Thousands of patients could have rare life-threatening diseases without knowing it, experts warn

New Delhi: Thousands of patients could unknowingly suffer with a rare life-threatening disease, experts have warned.

TUBB4a leukodystrophy – an incurable genetic condition that damages the central nervous system and can be deadly to babies and young children – was initially thought to only affect 200 people worldwide.

However, the latest research suggests the figure could be far higher than first thought.

According to the Cleveland Clinic in the US, leukodystrophies affect 1 in 7,663 births. With about 140m children born globally in 2021, that would mean more than 18,000 could have leukodystrophy – and almost 1,650 with TUBB4a – last year alone.

Dr Dan Williams, CEO and co-founder of biotech firm SynaptixBio, which aims to develop the world’s first treatment for the debilitating disease, said the actual number of TUBB4a sufferers could be higher still.

“One of the key issues with diagnosing a condition like TUBB4a is that it is incredibly hard to spot. It requires intensive genome sequencing and MRI scans to correctly identify,” he said.

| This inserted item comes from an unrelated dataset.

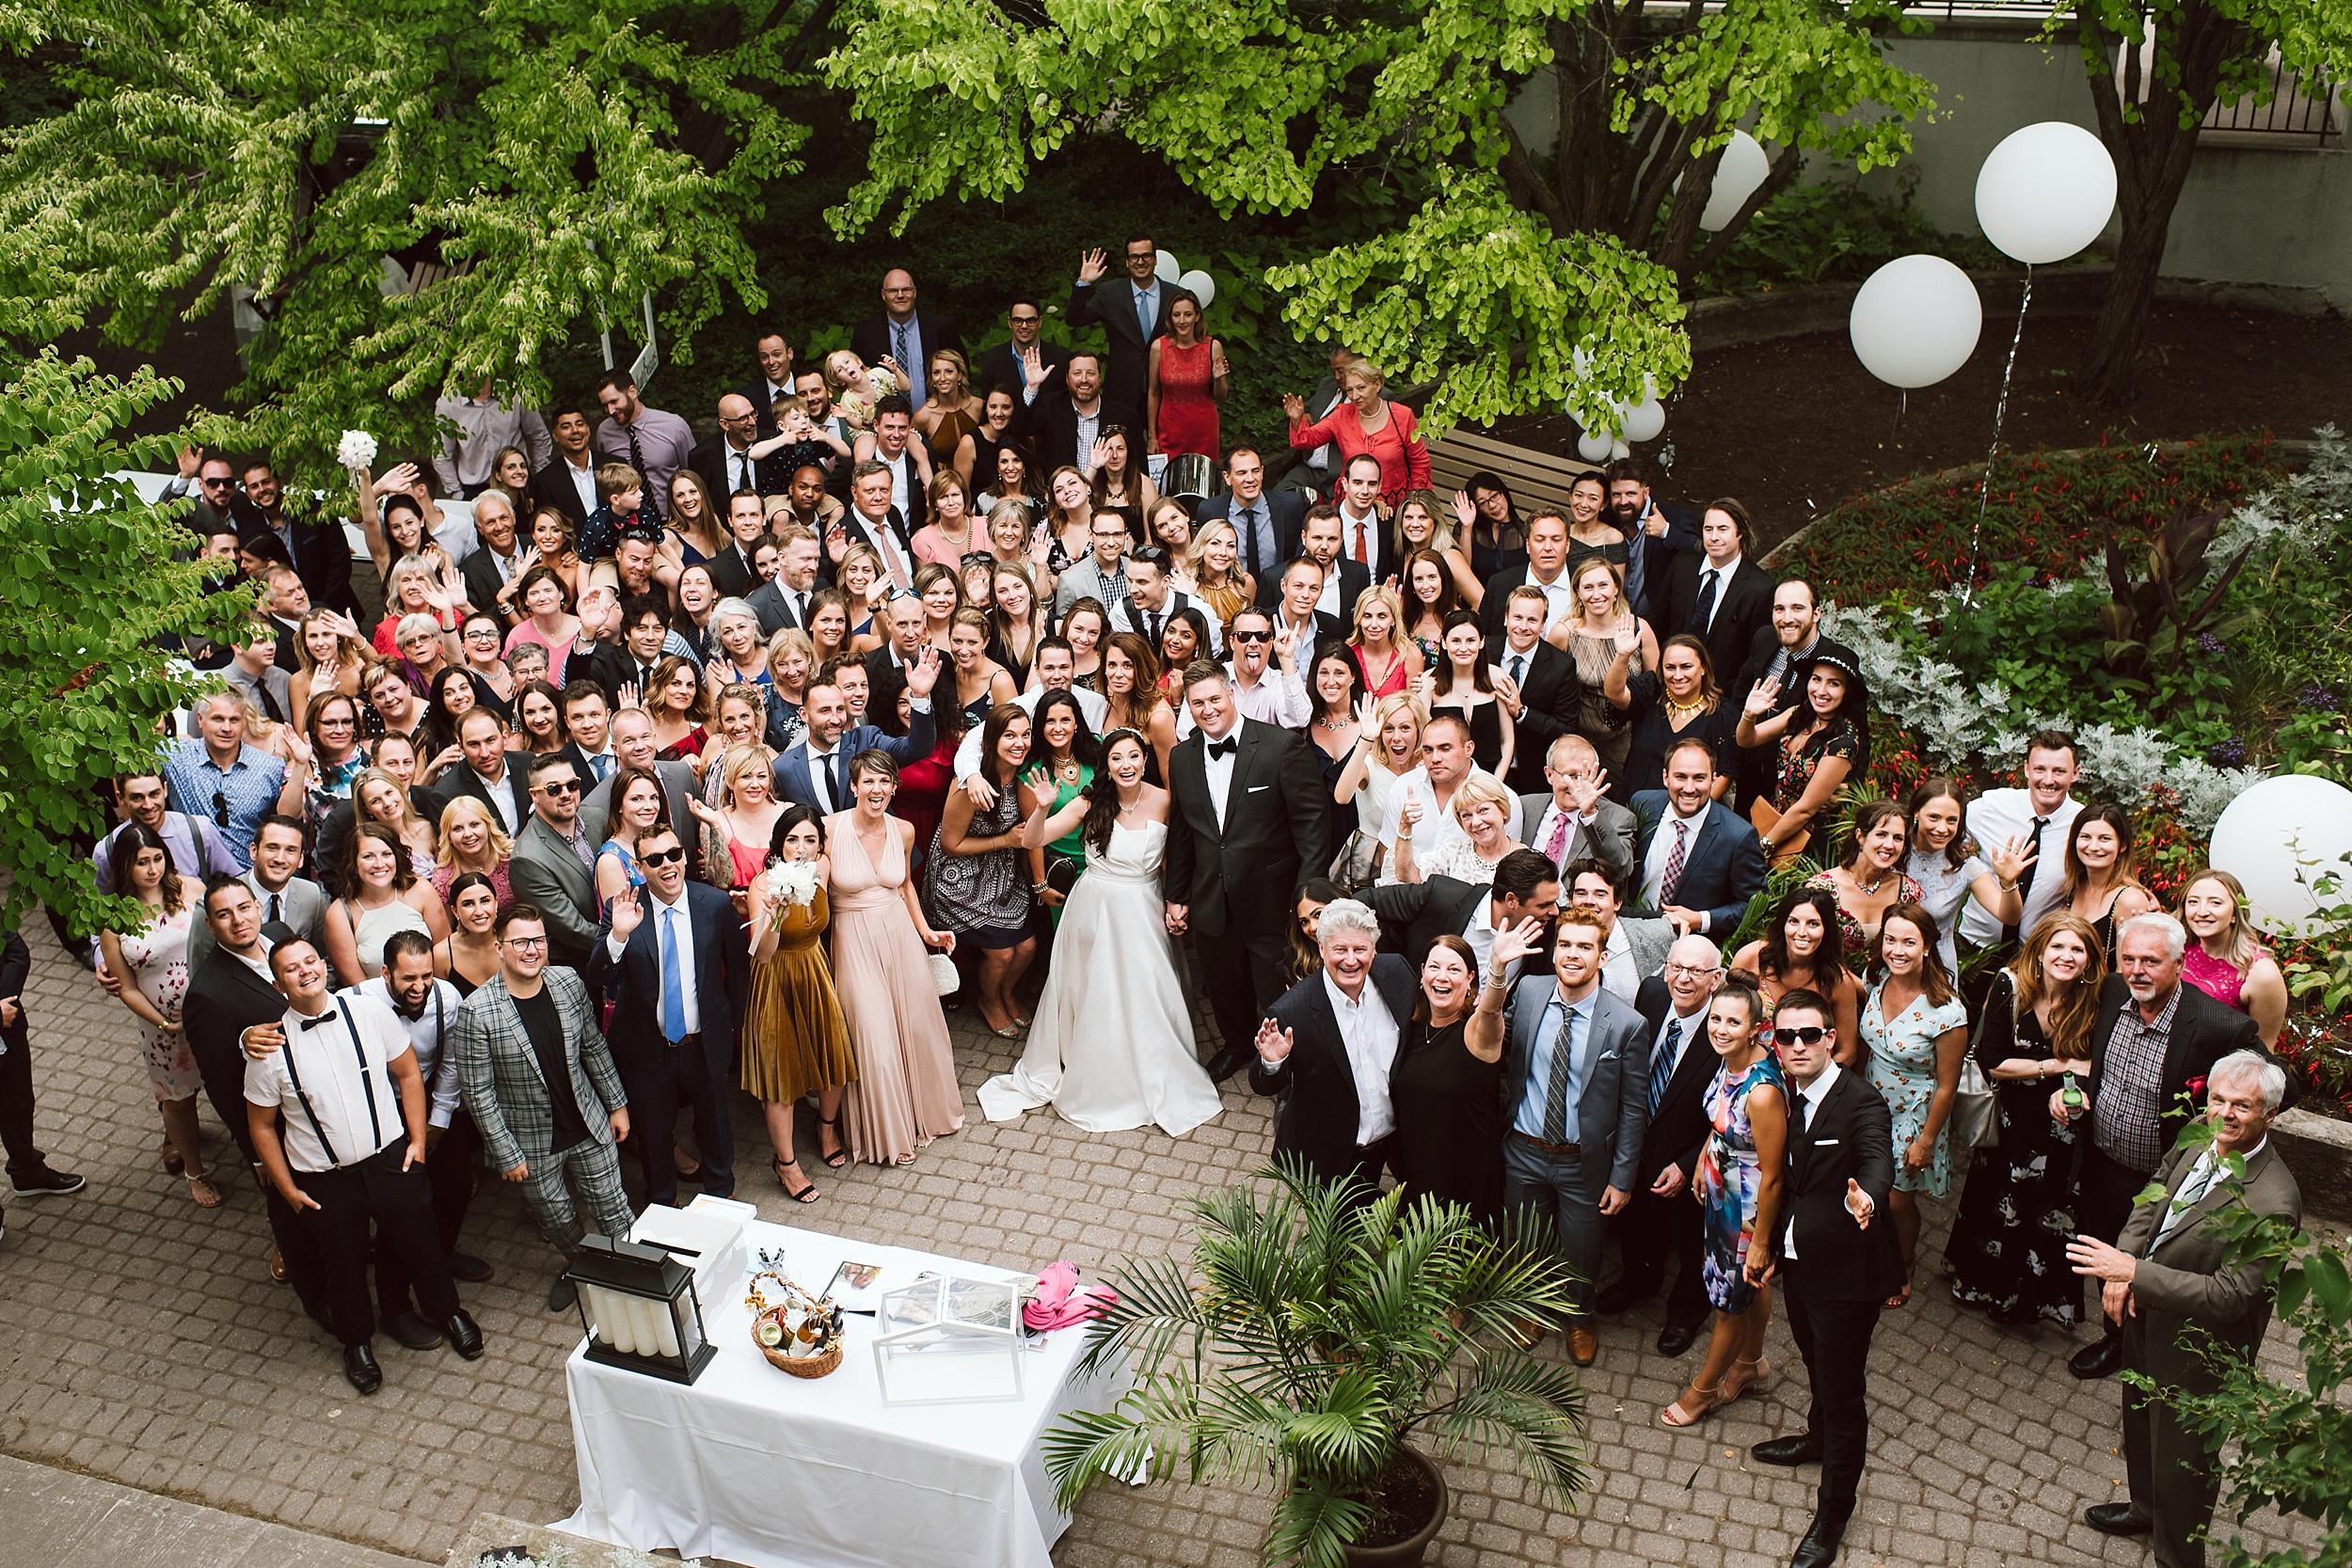 Sunnyside_Pavilion_Wedding_Toronto_Photographer_0102.jpg

“It can also appear similar to other more commonly-known conditions, such as cerebral palsy or multiple sclerosis. Unfortunately, it is easy to see how signs can be missed.

“It is vital that our understanding of the disease improves rapidly. While it remains a relatively rare condition, there is clearly a greater need to find a treatment than initial estimates would have us believe.”

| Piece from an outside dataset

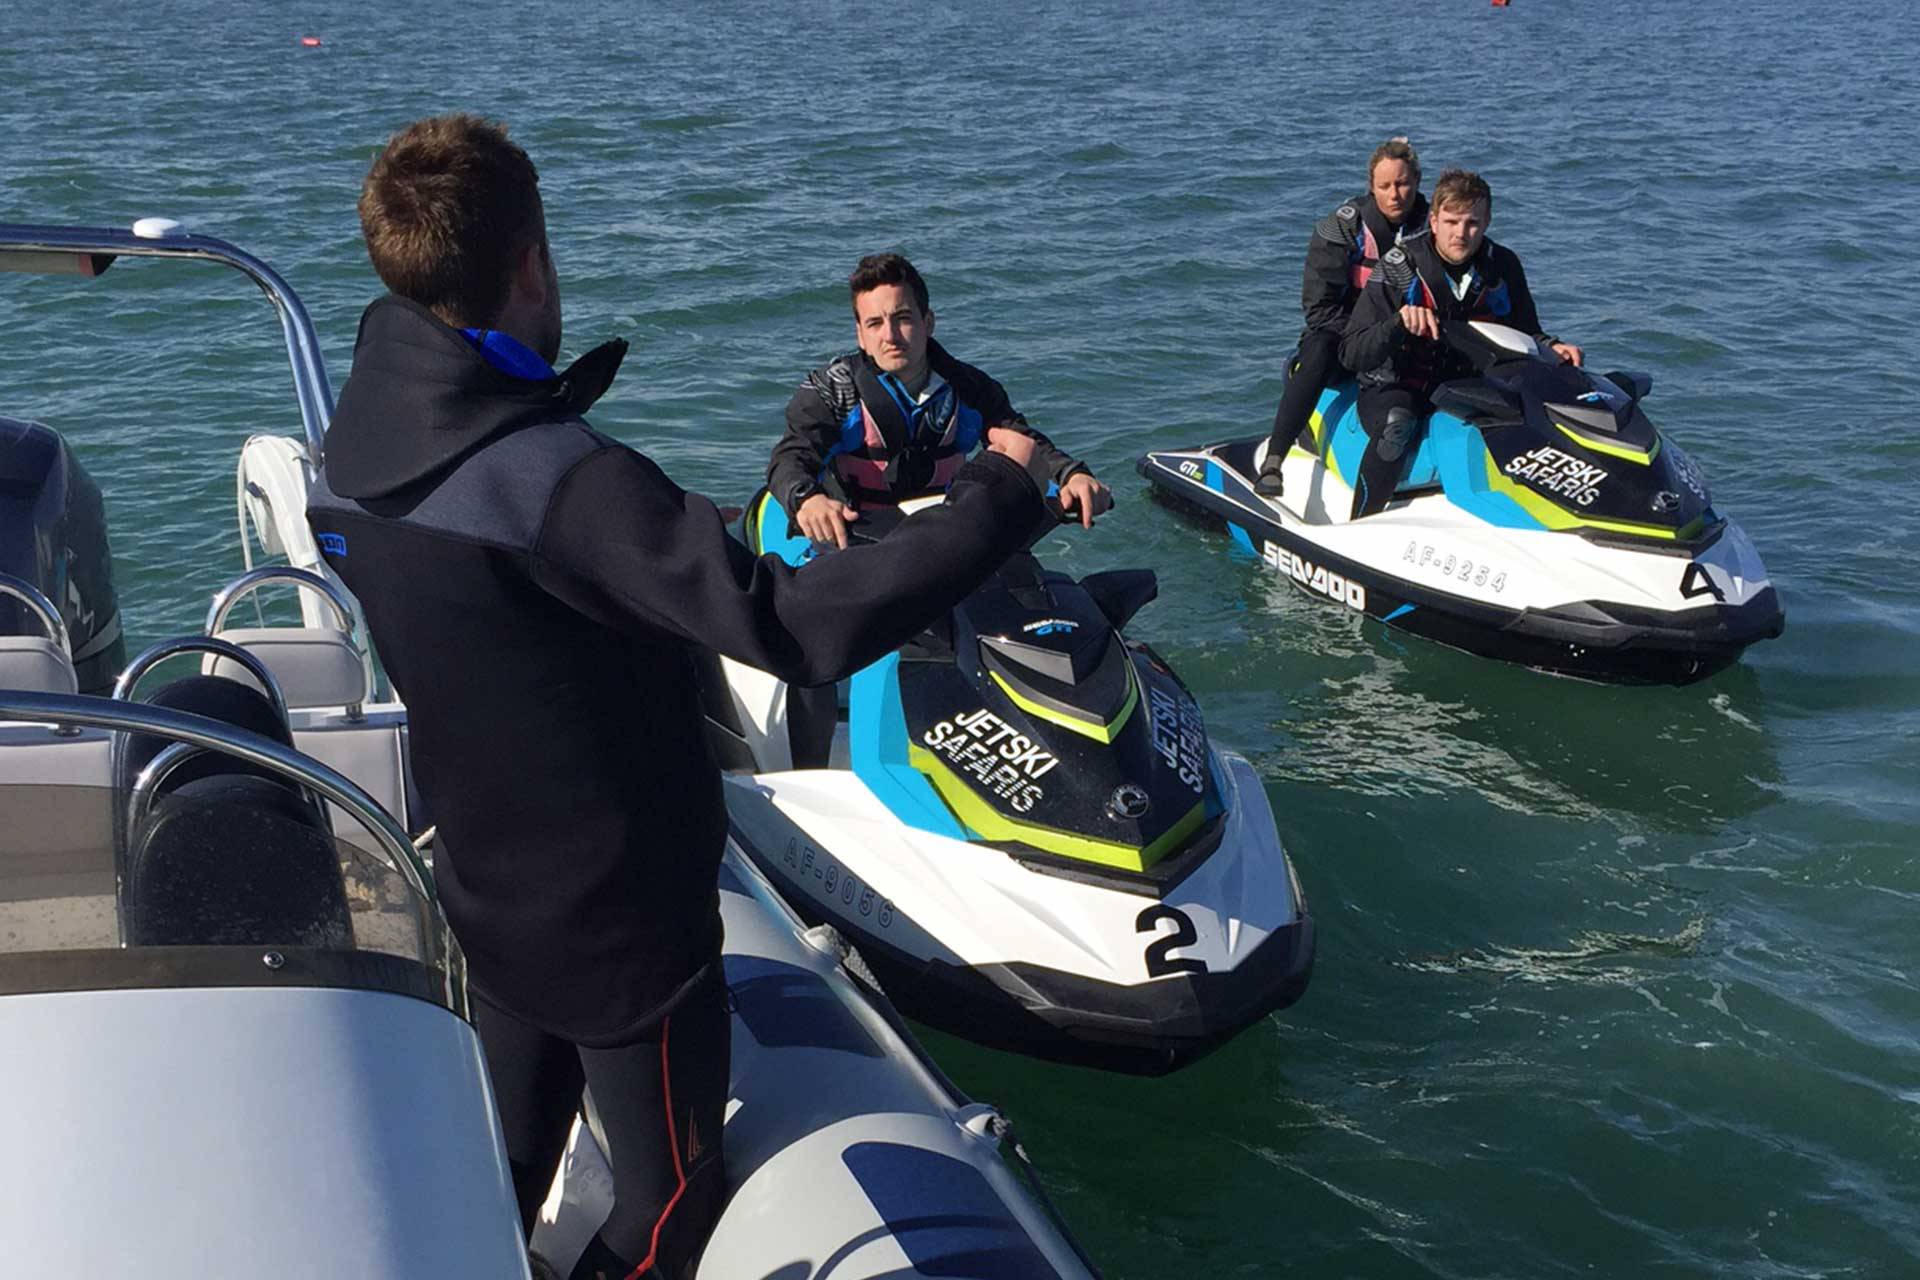 Jetski Training from aboard a Powerboat

First identified in 2014, TUBB4a leukodystrophy makes up 9% of a group of about 50 rare neurodegenerative disorders known as leukodystrophies.

Caused by a mutation in the TUBB4a gene, it disrupts signals being relayed between nerve cells in the brain.

Patients can suffer from difficulties walking, sitting up and swallowing.

They can also develop seizures, muscle contractions, hearing and speech difficulties, and uncontrollable limb movements, while others who have developed motor skills in early childhood can regress.

SynaptixBio co-founder and chief science officer Dr Michelle Teng, who diagnosed her daughter Sofia, 11, with a severe form of TUBB4a known as H-ABC, called for greater access to diagnostic testing for potential patients.

“I was very fortunate to have been able to perform the tests Sofia needed,” she said. “It is such a complex and costly process.

“We need to ensure patients with this disease are correctly tested to ensure they receive the right care.

“There are currently significant barriers for people with this condition to be diagnosed properly. That is something that needs to change dramatically over the coming years.”

Meanwhile, SynaptixBio, which launched last year, is working on a new therapy it hopes will “revolutionise” how TUBB4a leukodystrophy is treated.

Antisense Oligonucleotides (ASOs) therapy, which has previously been used to treat conditions such as Duchenne muscular dystrophy and spinal muscular atrophy, is also hoped to dramatically improve the quality of – and extend – the lives of leukodystrophy patients.

Dr Willams said the treatment had the potential to “modify the disease, increase survival rates and significantly improve motor skills development.

“The new approach provides the potential to stabilise, improve quality of life and extend life expectancy in children suffering from the condition.

“Successful prevention of leukodystrophy progression would be a revolutionary life-saving and life-enriching treatment for children around the world.”

TUBB4a leukodystrophy is caused by damaged brain function, which can lead to developmental delays in motor skills such as walking, sitting, speaking and swallowing, learning difficulties, seizures, paralysis and an early death.

Research has already begun, with the firm aiming to launch clinical trials in 2024.

“This project will change people’s lives,” Dr Williams said. “The research and development of a clinically-proven treatment for TUBB4a would be a real game-changer for patients and their families.

“There is a real chance to improve the lives of leukodystrophy sufferers. We want to ensure that dream becomes a reality.”